Though performances are uniformly excellent, this is Reed's finest hour, a stoic portrayal that provides the film with a linear path between the outrages and extremities. An anti-intellectual and dyslexic, Reed relied on Russell's simplistic method of direction, instructing the actor to give a take "Moody 1, Moody 2 or Moody 3." Reed always acknowledged limitations in his inimitable style - telling the director to "piss off" when asked to recite sixteenth-century Latin - and even though he despised the stage, Reed delivers speeches of great gravitas here, but such power is even diluted in one scene by cutting away to the theatrics of the King taking shots at Protestants dressed as blackbirds. Its a contrast you can either hate or love; hate because it deflects from the rhythm of Grandier, love because it shows a contrast of convictions at the centre of the film. Whatever your conclusions, it means you are undoubtedly watching a Ken Russell film.

Sister Jeanne licks the wounds of Grandier 
envisioned as Christ in one of her feverish fantasies.

THE DEVILS acts as a perfect storm of Russell at the height of his creativity, the beautifully lit cinematography of David Watkin, sublime set design by Derek Jarman, and a discordantly effective score by Peter Maxwell Davies. Similar to the outrage that encompassed MONTY PYTHON'S LIFE OF BRIAN, THE DEVILS was roundly condemned as being anti-Church, but both works show the genuine mistrust in organisations which have the power to corrupt and distort. As with much of Russell, controversy has clouded the true value of his work: the male wrestling sequence between Alan Bates and Reed in WOMEN IN LOVE generated a tabloid campaign of outrage while its literary origins helped it past the censors, yet THE DEVILS was a target for lasting interference from its inception. During the shoot at Pinewood, stories circulated about the extras - overstimulated by naked nuns and a general environment of permissiveness - who manhandled the actresses and committed at least one confirmed sexual assault. When THE DEVILS was released as an X certificate - deleting the infamous "Rape of Christ" sequence - it was still banned outright by seventeen local councils, and BBFC chief examiner John Trevelyan resigned from his post the following month.

Unsurprisingly, THE DEVILS caused religious uproar. The Festival of Light picketed cinemas, in Rome polizia confiscated prints, and the Catholic Film Office branded the film "C for Condemned," "for turning serious historical fact into a drug-induced cinematic experience" and its "objectionable use of religious symbols reduced to flippant pop iconography." THE DEVILS also produced a scolding critical barrage: Newsweek's Paul D. Zimmerman concluded that the work demonstrated how Russell "has gone beyond extravagance to insanity"; The Iconoclast said it had "all the taste and restraint of a three-day gang bang"; and The Evening Standard's Alexander Walker provided a more personal attack by claiming its vistas "look like the masturbatory fantasies of a Catholic boyhood." Russell later hit Walker over the head with a rolled-up copy of the offending review on a late-night BBC news programme, before storming out of the studio.

Genius, madman, or both?

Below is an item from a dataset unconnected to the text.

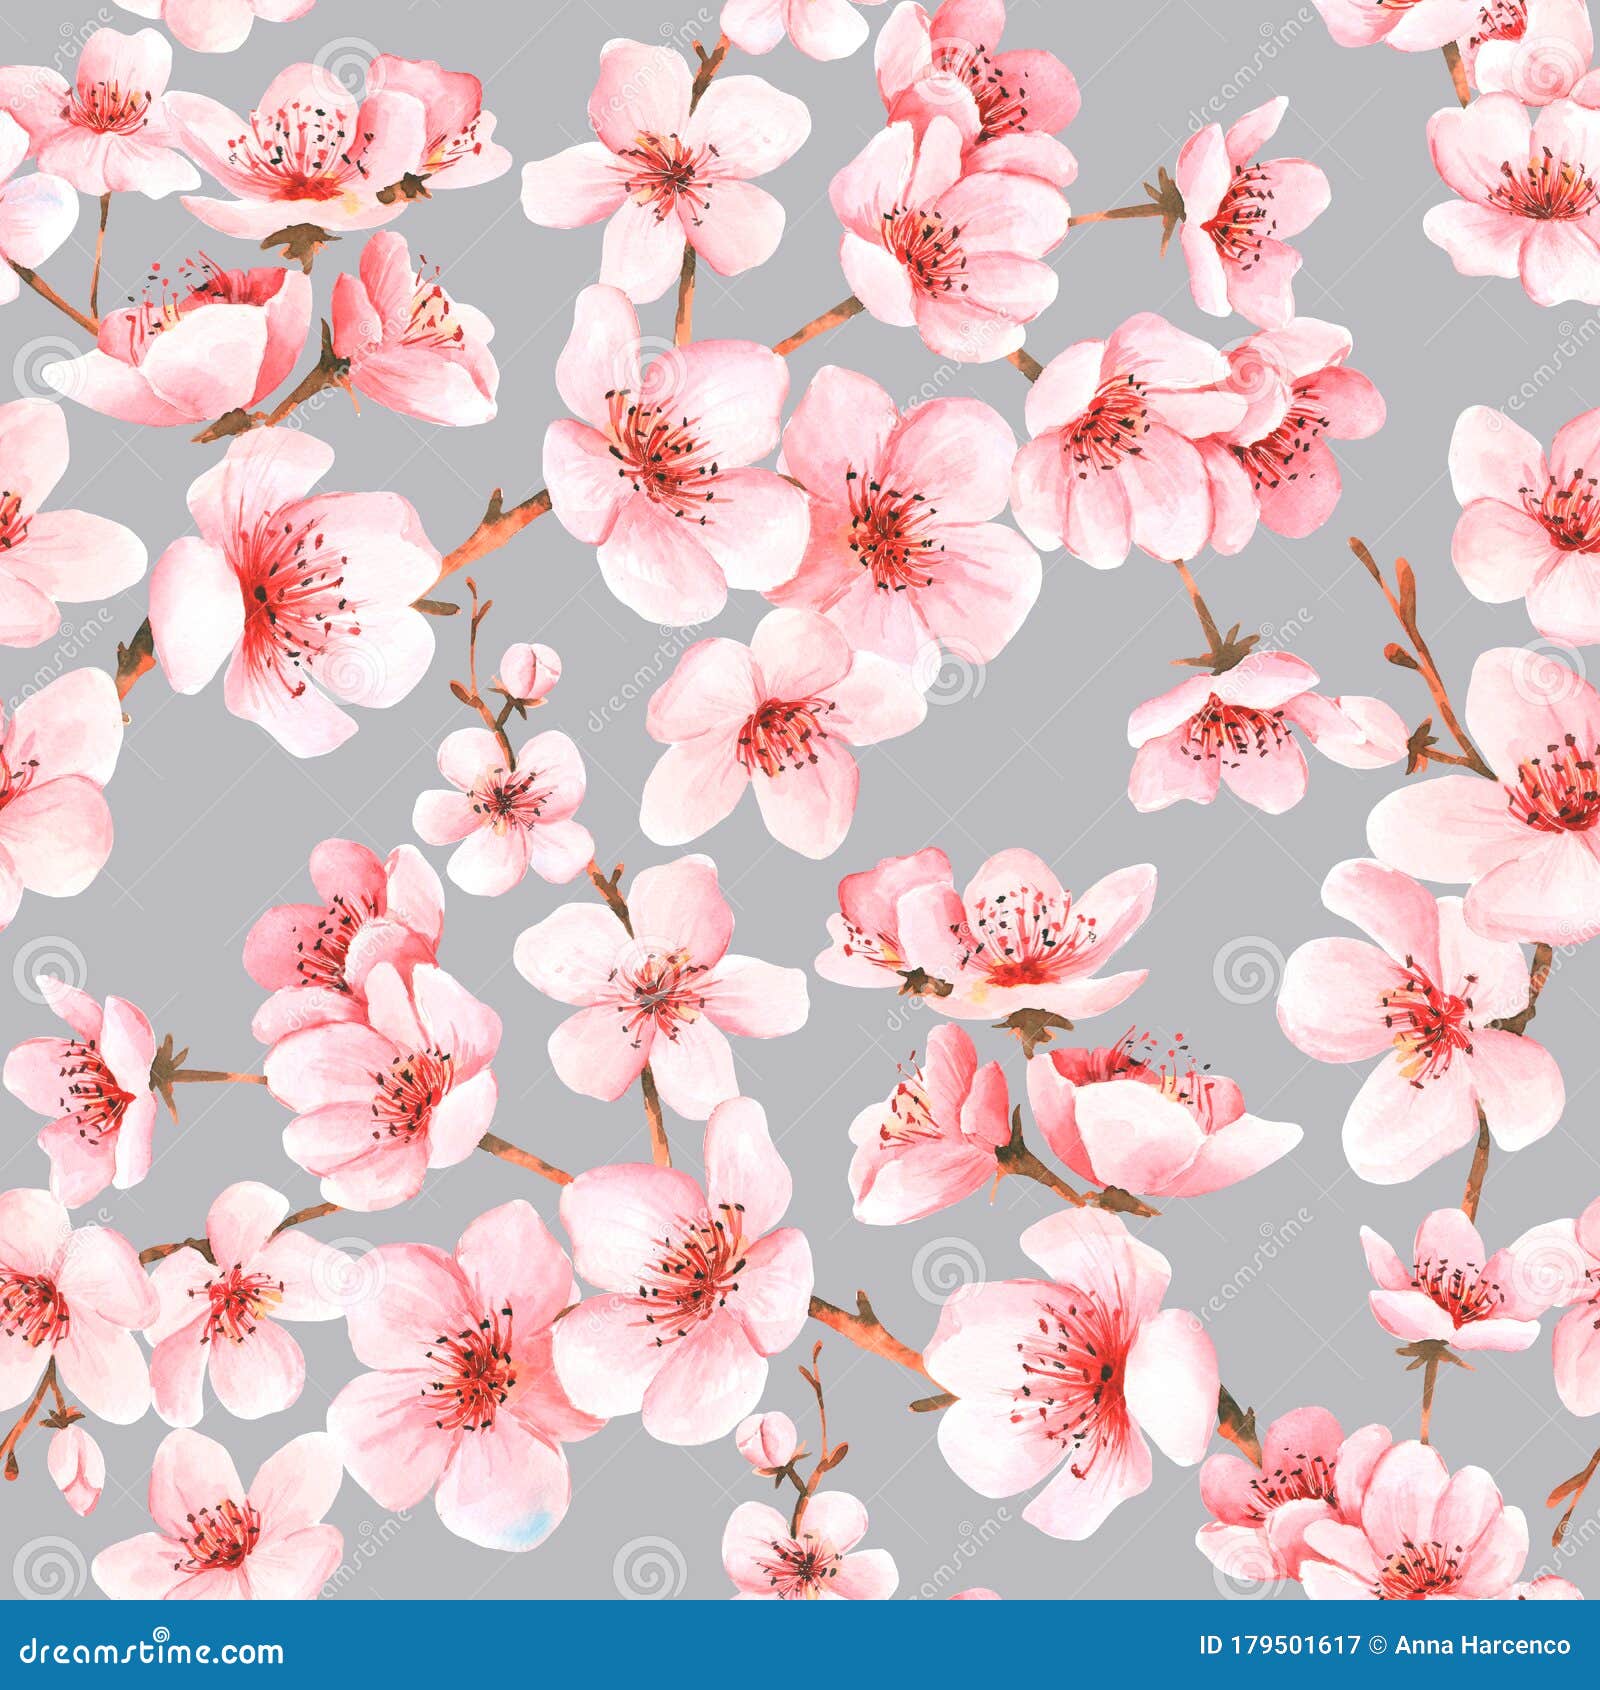 Seamless Pattern with Japanese Sakura with Pink Flowers. Cherry-blossom  Background. Stock Vector - Illustration of japan, cherryblossom: 179501617

Exploring Catholicism, sexual excess and kitsch, Ken Russell described himself as the saviour of the British film industry.

Over the centuries, scholars have been divided in their attempts to explain exactly why a convent came to believe that they had been overwhelmed by sorcery. One theory has the nuns driven to their fervour by accidentally ingesting ergot - a fungus which contains an LSD-like chemical on rye bread which has been allowed to dampen and warm. Ergot has also been liberally mentioned as a driving force for the Salem witch trials, and inspiration behind the paintings of Hieronymus Bosch. But the most widely accepted notion is that the nuns were manipulated by politicians and priests within a hysteria which endures under long-term stress in captive environments. Over forty years later, THE DEVILS, in itself, exists with an aura of social epidemic; it is the film maker's one and only political statement, and a timeless one. "This is not the age of manners" Russell told Time Magazine in 1971, "this is the age of kicking people in the crotch and telling them something and getting a reaction. I want to shock people into awareness. I don't believe there's any virtue in understatement."